Genie, our AI Analyst, can already tell you what changed in your numbers. It's never been able to tell you why, because the why almost never lives in Databox.
Revenue drops 8%, and the real reason is a stalled deal in HubSpot, a pricing objection buried in a Slack thread, or a support ticket nobody flagged. Right now, finding that out means leaving your dashboard, opening three other tools, and piecing it together yourself. Every time.
Next week, we're launching MCP Connectors. Connect your CRM, Slack, support desk, or any MCP server, and your AI Analyst gets that same context, right inside the conversation. Ask why a number moved, and it points to the actual deal or thread behind it, not just the number.
The business context layer seems important because numbers without context can easily lead to the wrong conclusion. How is that context added and maintained over time?
Databox
@darly_selby Agreed, Darly, that's exactly the risk we wanted to fix. The good news is that nobody has to add or maintain the context by hand. It already lives in the tools your team uses every day, like your CRM, project tools, and team chat. Once a tool is connected, the AI Analyst reads from it live whenever it's relevant. As your team updates deals, tickets, and threads, the context stays current by itself. There's nothing to copy, sync, or keep up to date.

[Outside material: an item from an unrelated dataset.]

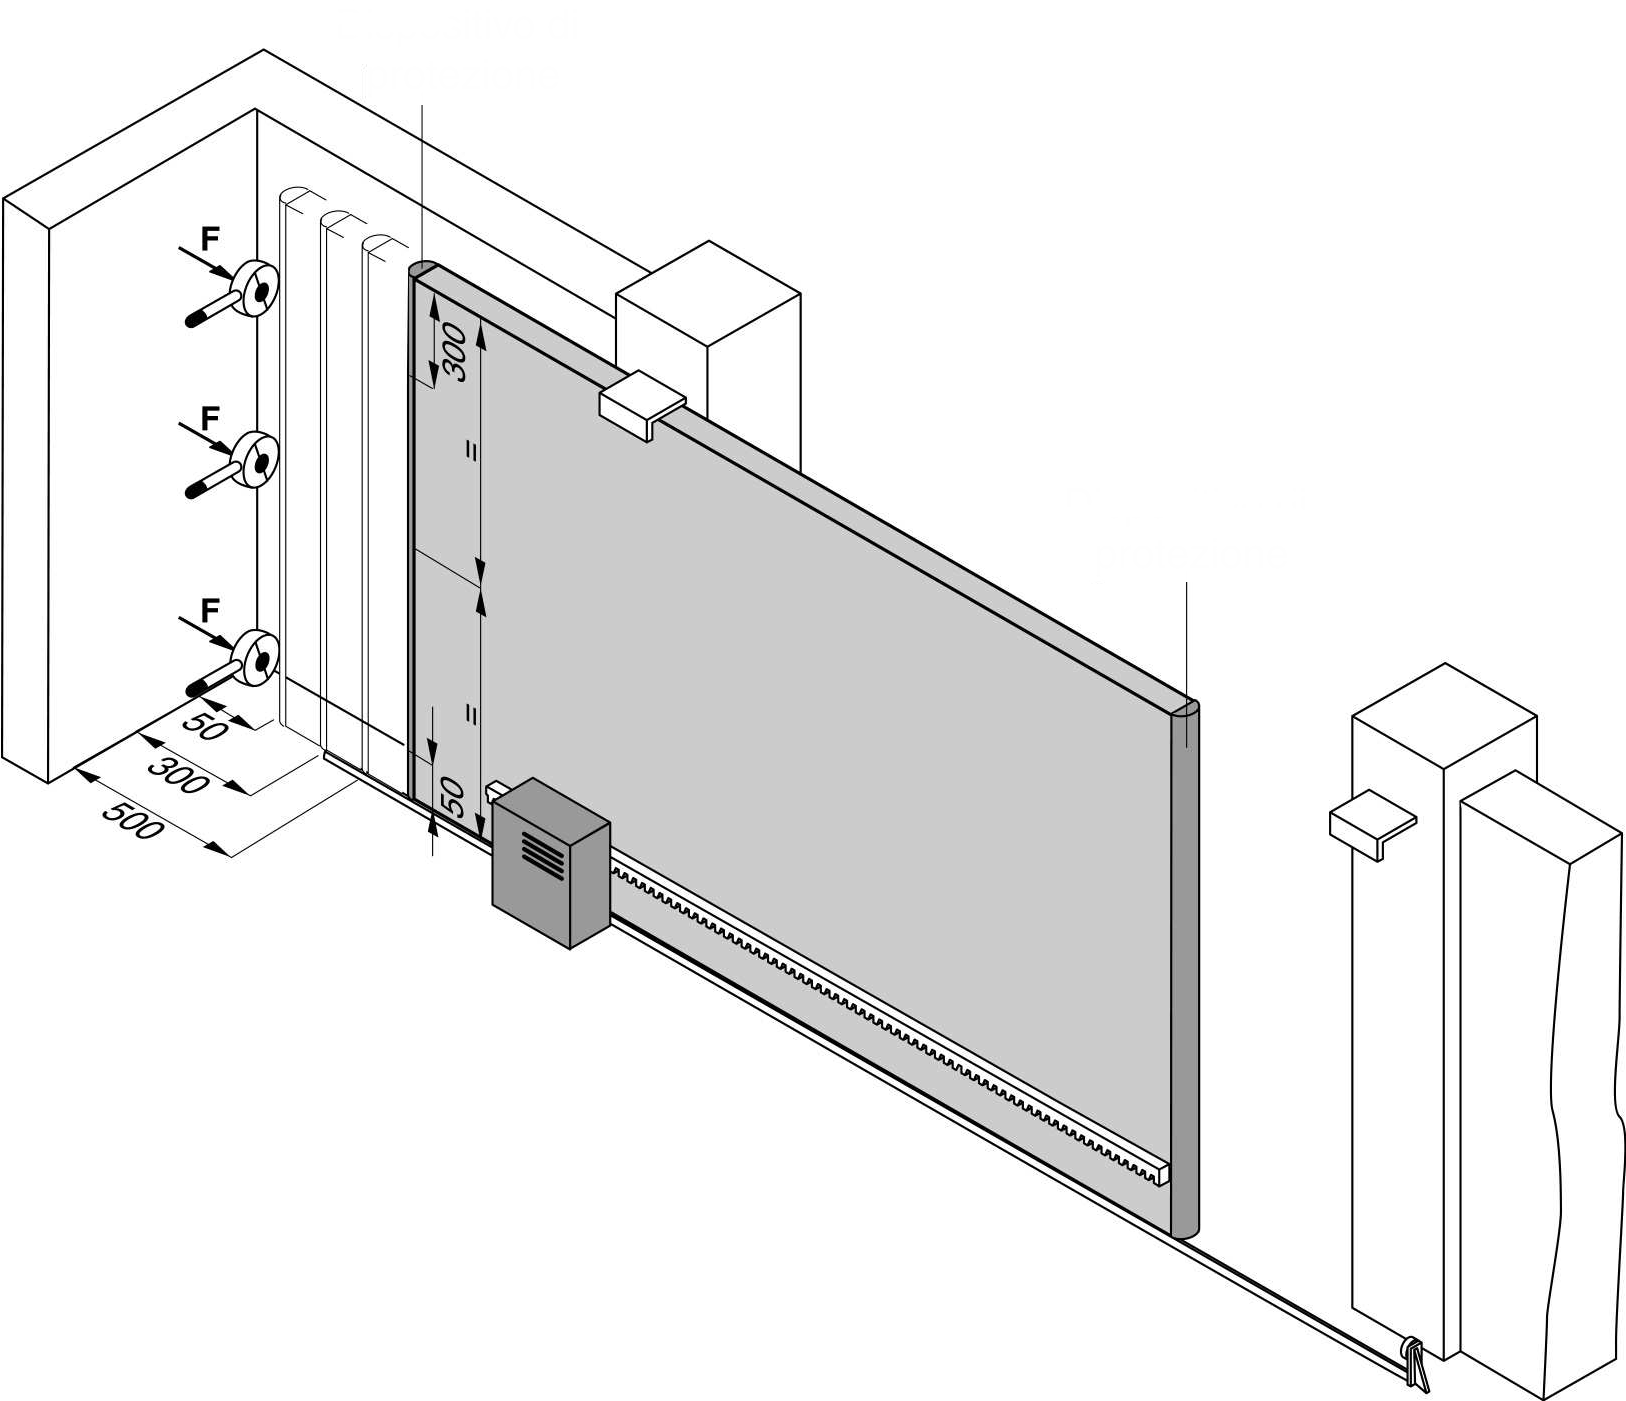 sliding gate plans free. Test points on a sliding gate Gate Safety Legislation

But when it “acts on what it finds,” what are the limits? Can teams mandate that they get approval before it responds to the CRM or to the customer?
Additionally, Congratulations @zigapotocnik @pc4media and @rohanrecommends 🚀✌️
Databox
@aymi_malik Thanks, Muhammad! Great question. You stay in control of what it can do. Permissions are set tool by tool, with one main setting per connector and overrides for single actions. For example, you can let the AI Analyst update a deal stage on its own, but block it from sending anything to a customer.
Databox
It's worth pointing out that compared to a normal integration, this isnt just data coming in, its tools genie can actually call. It's basically the foundation for agents later, not a standalone feature on its own.
Databox
@marcel_mumel Exactly, Marcel. An integration brings data in. A connector gives Genie, our AI Analyst, tools it can use: it can look things up, and it can act, like updating a deal or creating a task. That's what makes it the base for agents. Every connector a team adds today is one more thing their agents will be able to do later.
Nice, congratz! I work in support and from a technical perspective it's awesome that every connector ships with read AND write tools. Write is just turned off until permissions and oversight catch up. This is a cleaner path to v2 than adding support for write access after the fact
Databox
@emil_korpar Thanks, Emil! Every connector ships with both read and write tools, and both are live. What keeps it safe is the permission setup. You choose what Genie, our AI Analyst, can do, tool by tool, so a team can allow updating a deal but block sending anything to a customer.
Mantra Timer
@zigapotocnik having AI access to your CRM via this MCP is an great addition to the toolset. Best of luck with the launch.
Databox
@codeandsea Thanks, Brent, appreciate the support! The CRM is where most of the "why" behind a number lives, so it's usually the first connector people set up. Genie, our AI Analyst, can read from it and act on it too, like updating a deal stage right after it spots the problem.
Congratulations to the team, this one is well deserved! As one of the engineers that have been working on the MCP connectors I am most proud of the permission setup for every tool. This is a split point between trusting the ai with your crm and never actualy adopting ai at all and skipping the opportunities it brings.
Databox
@rene_kolednik Thanks, Rene, and thanks to you and the team for building it! Fully agree. Most teams won't give AI access to their CRM if it's all or nothing. Being able to choose exactly what the AI Analyst can see and do, tool by tool, is what makes it easy to say yes.
Jakob, on the approval default: how does that work for a Routine running on a schedule, when nobody's in the chat to say OK? I run a few agents unattended on a Mac Mini and that's the case I'd worry about. A routine waiting on approval and a routine that found nothing to do look much the same from the outside, unless one of them says so.